The CIF has called on the Government to name a date for when the Construction Contracts Act will take effect – 4 years to the day that the legislation was first introduced to the Oireachtas.
The Construction Contracts Act was drawn up to help improve the payment process in the construction industry, an issue which has particularly impacted on sub contractors throughout the sector.
Despite being enacted by the Oireachtas and signed into law by the Government in July 2013, the legislation is yet to take effect. The CIF believes the delay in enacting the Bill is damaging the industry, particularly the sub contracting sector and has called on the Government to declare a date for when the industry can expect the legislation to actually start making an impact.
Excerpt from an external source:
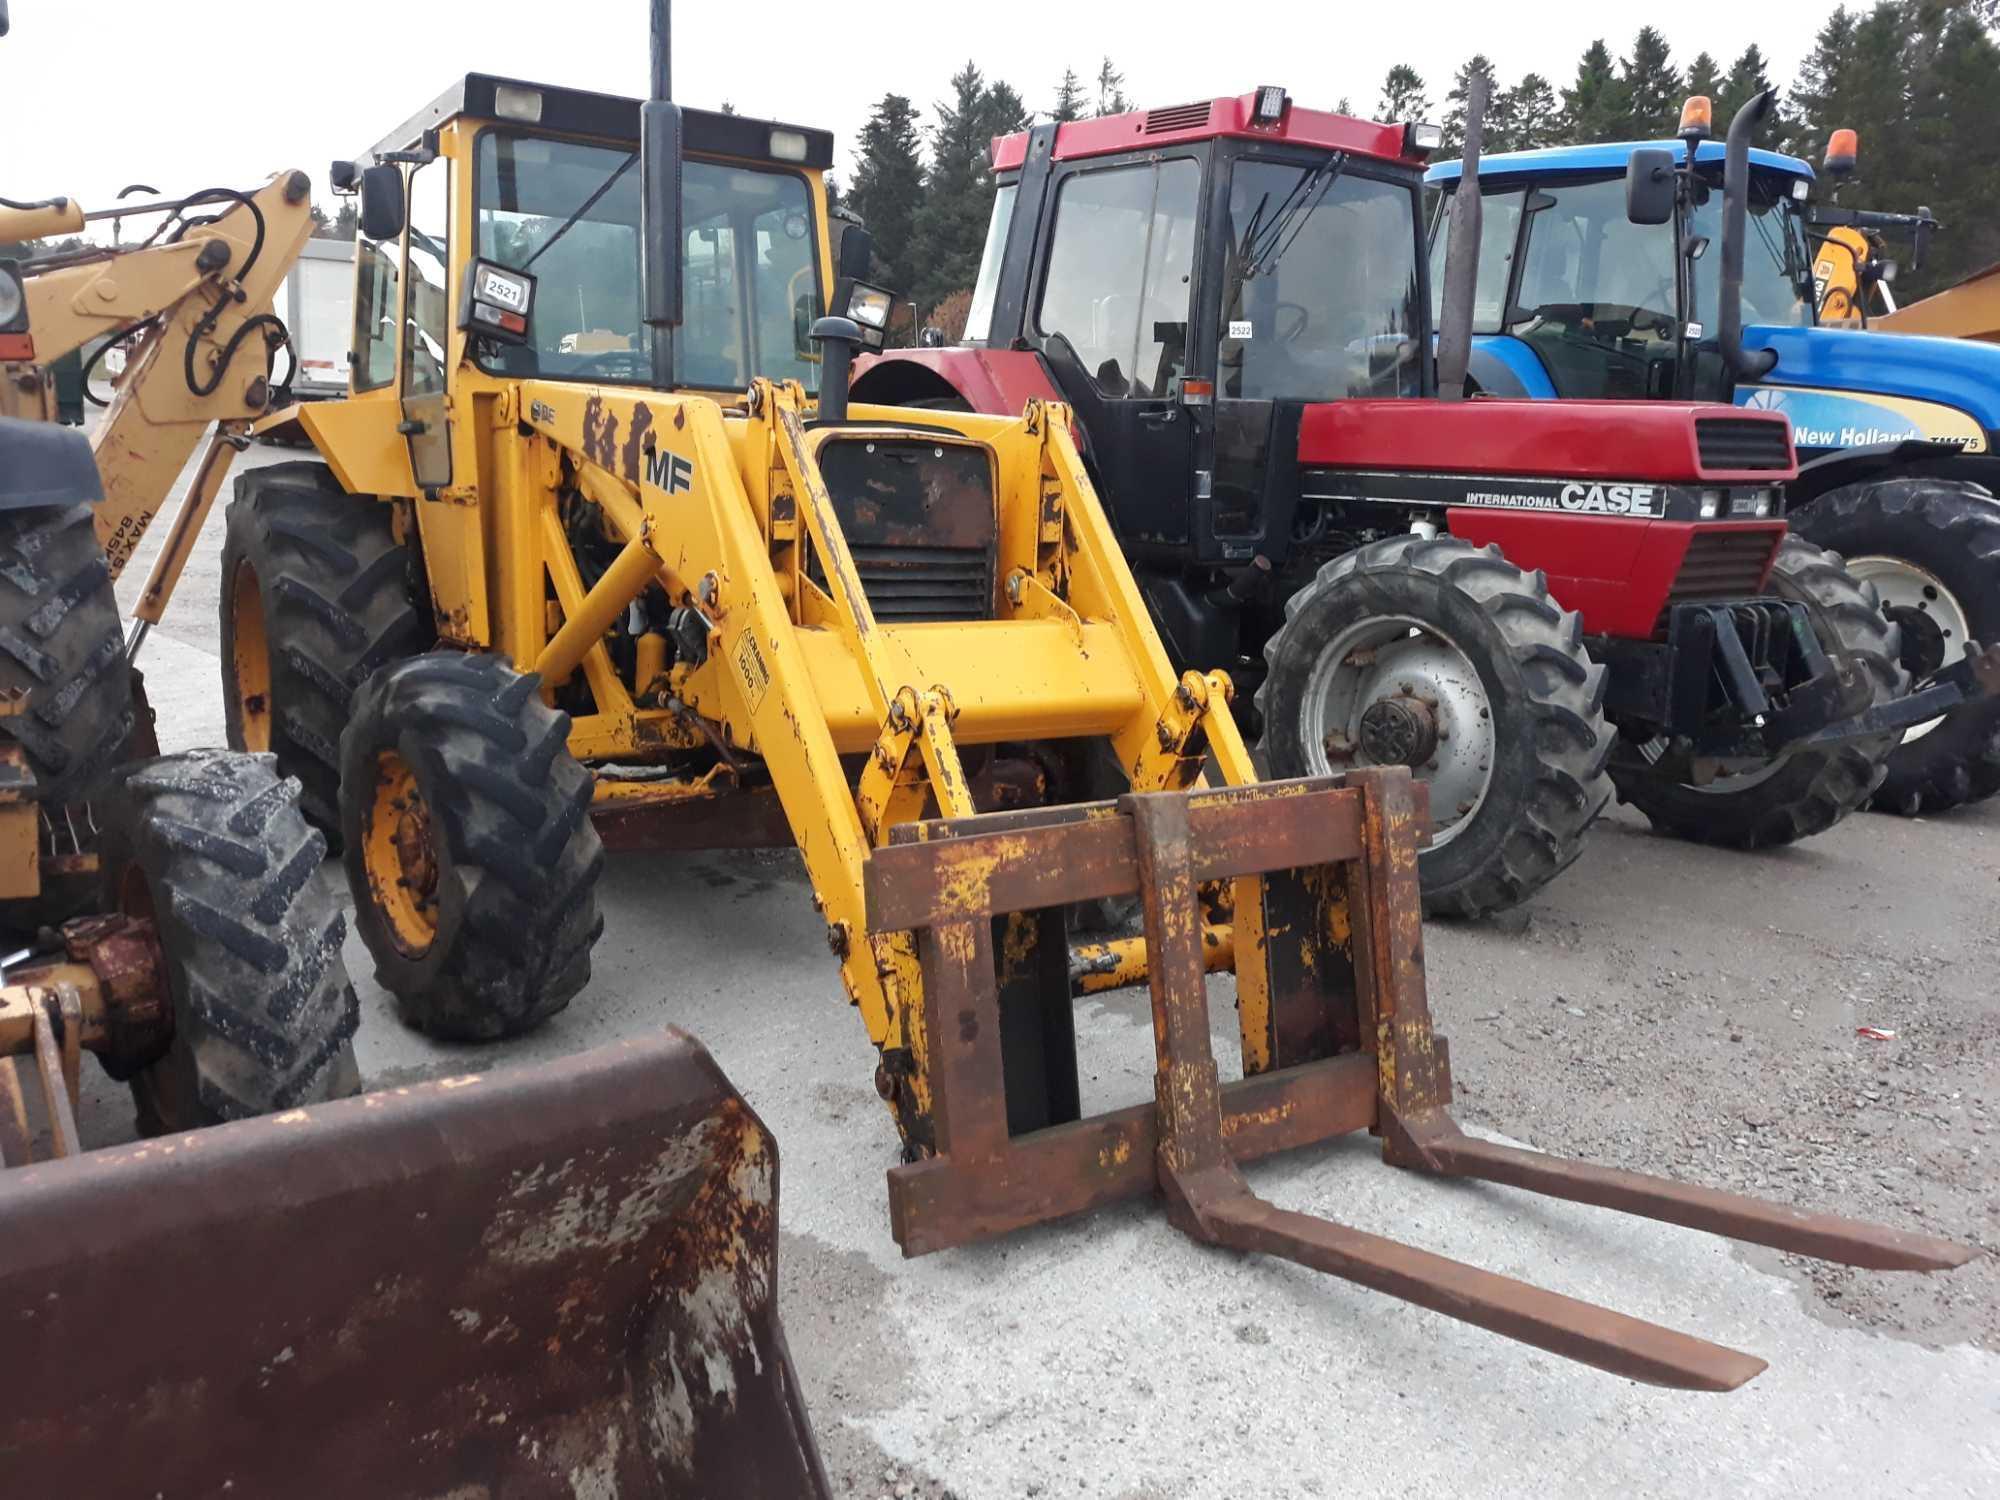 Lot 2521 - Massey Ferguson Loading Shovel MF50EX - 0cc X - Other

“Four years to the date since this legislation was first brought into the Oireachtas, we still have not received word as to when it will actually take effect,” said CIF Director General Tom Parlon. “That’s despite the legislation being signed into law and passed through the Oireacthas last July. Yet the industry is still wondering when this law will actually begin to have meaning and start making a difference to the industry.
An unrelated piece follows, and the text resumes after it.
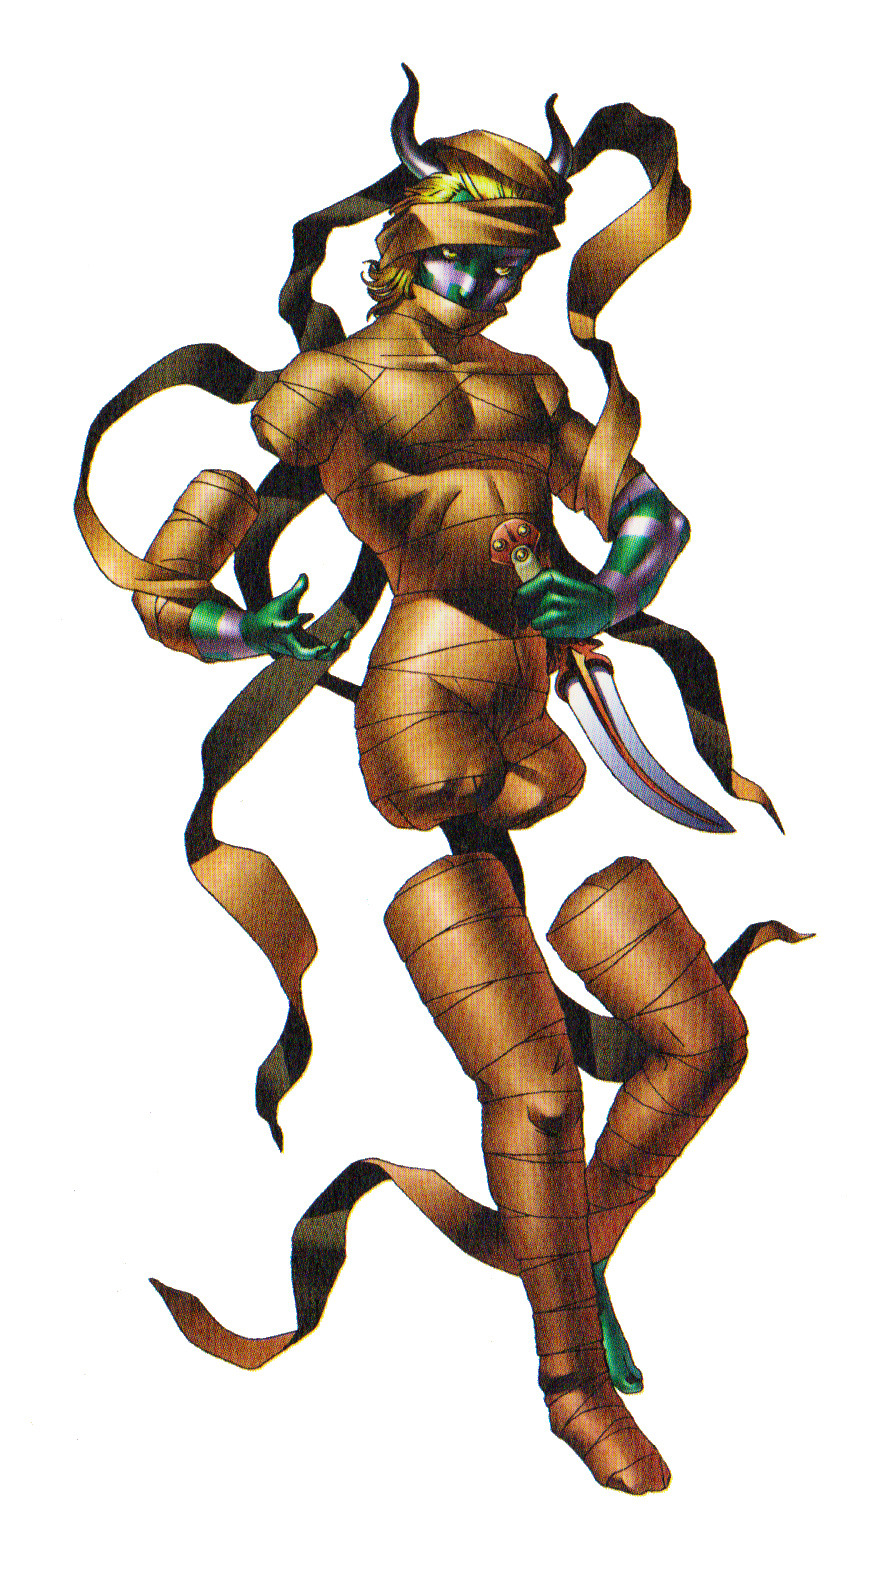 Attis Megami Tensei Wiki A Demonic Compendium Of Your

“This legislation is badly needed in the Irish construction industry. We are still seeing payments being held up throughout the sector and this is having a particularly detrimental impact on sub contractors. This law received strong political support from all sides of the political spectrum because it was obvious there was a problem with payments in the industry. So why the Government continues to delay something that will help solve this problem seems bizarre.
“The industry is just looking for clarity from the Government on this legislation. All that is missing is the commencement date. By announcing a commencement date it will give sub contractors and the rest of the industry a timeline to work with. The uncertainty as to when, or if, this legislation will take effect is simply clouding the issue and it exacerbating a problem that the legislation was meant to solve,” Mr. Parlon concluded.